What needs to be done ::
Leave out the images and return all the data word for word.

Data ::
· · ·

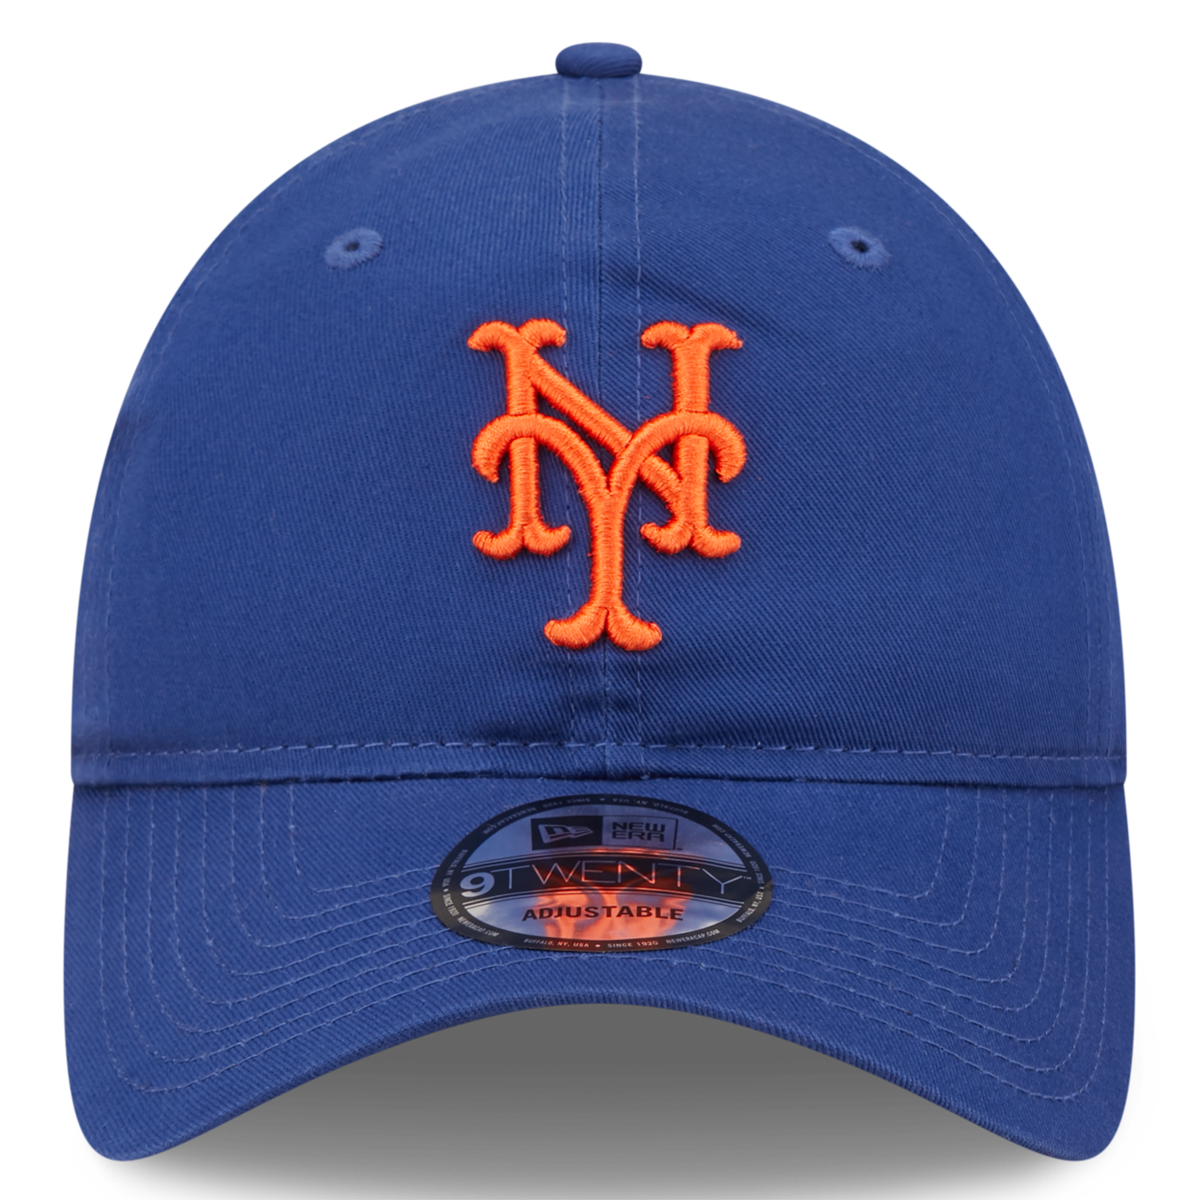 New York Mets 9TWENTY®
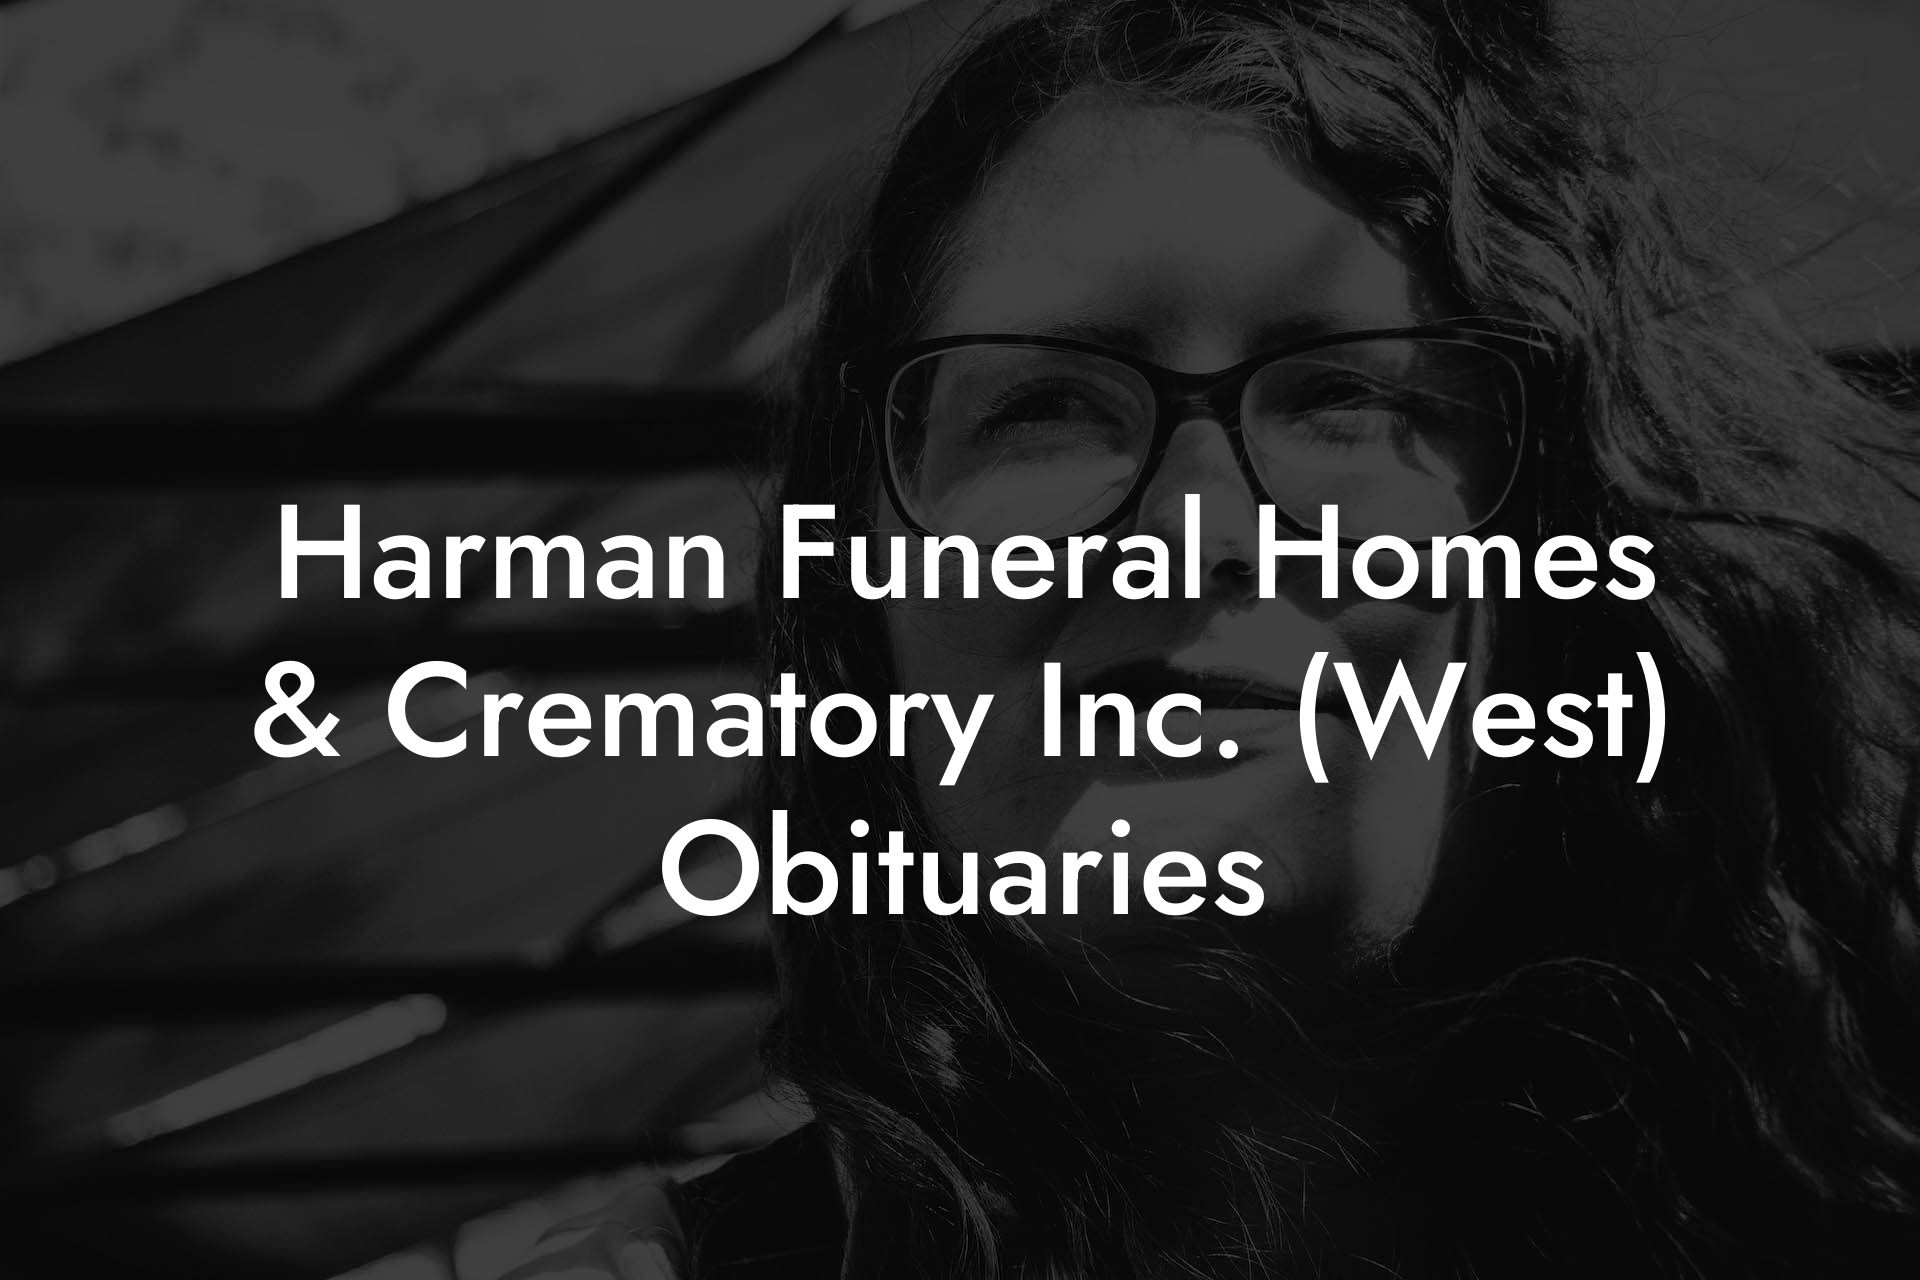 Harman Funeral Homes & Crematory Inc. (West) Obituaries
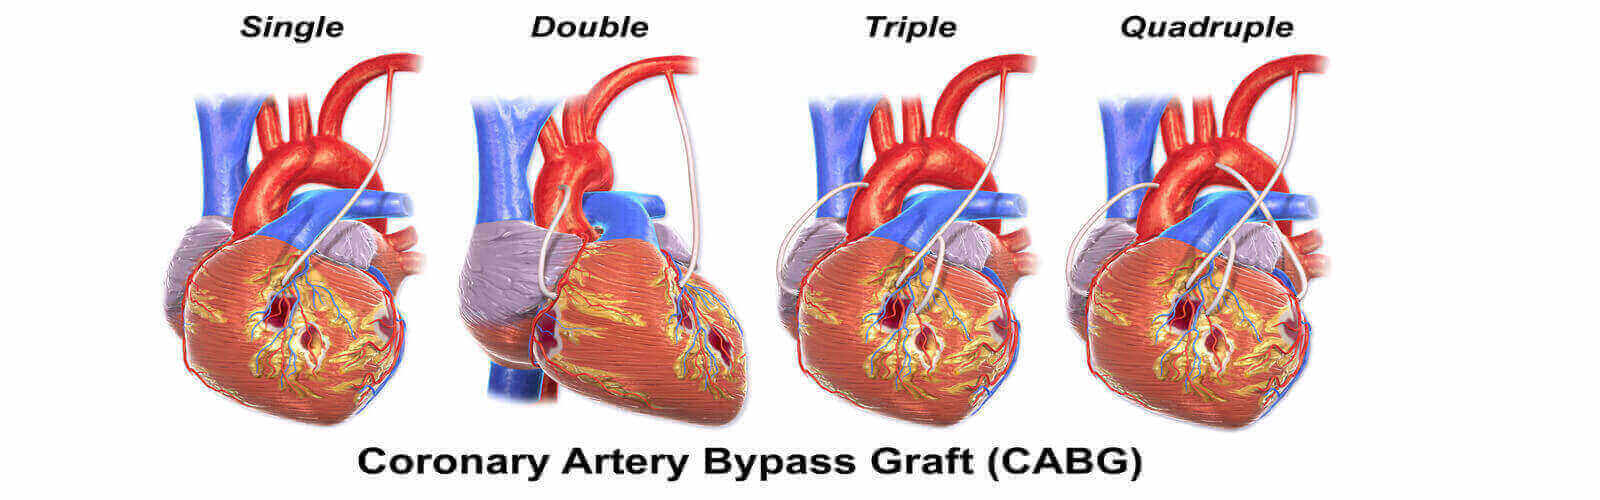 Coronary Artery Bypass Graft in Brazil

· · ·

Final answer ::
 New York Mets 9TWENTY®
 Harman Funeral Homes & Crematory Inc. (West) Obituaries
 Coronary Artery Bypass Graft in Brazil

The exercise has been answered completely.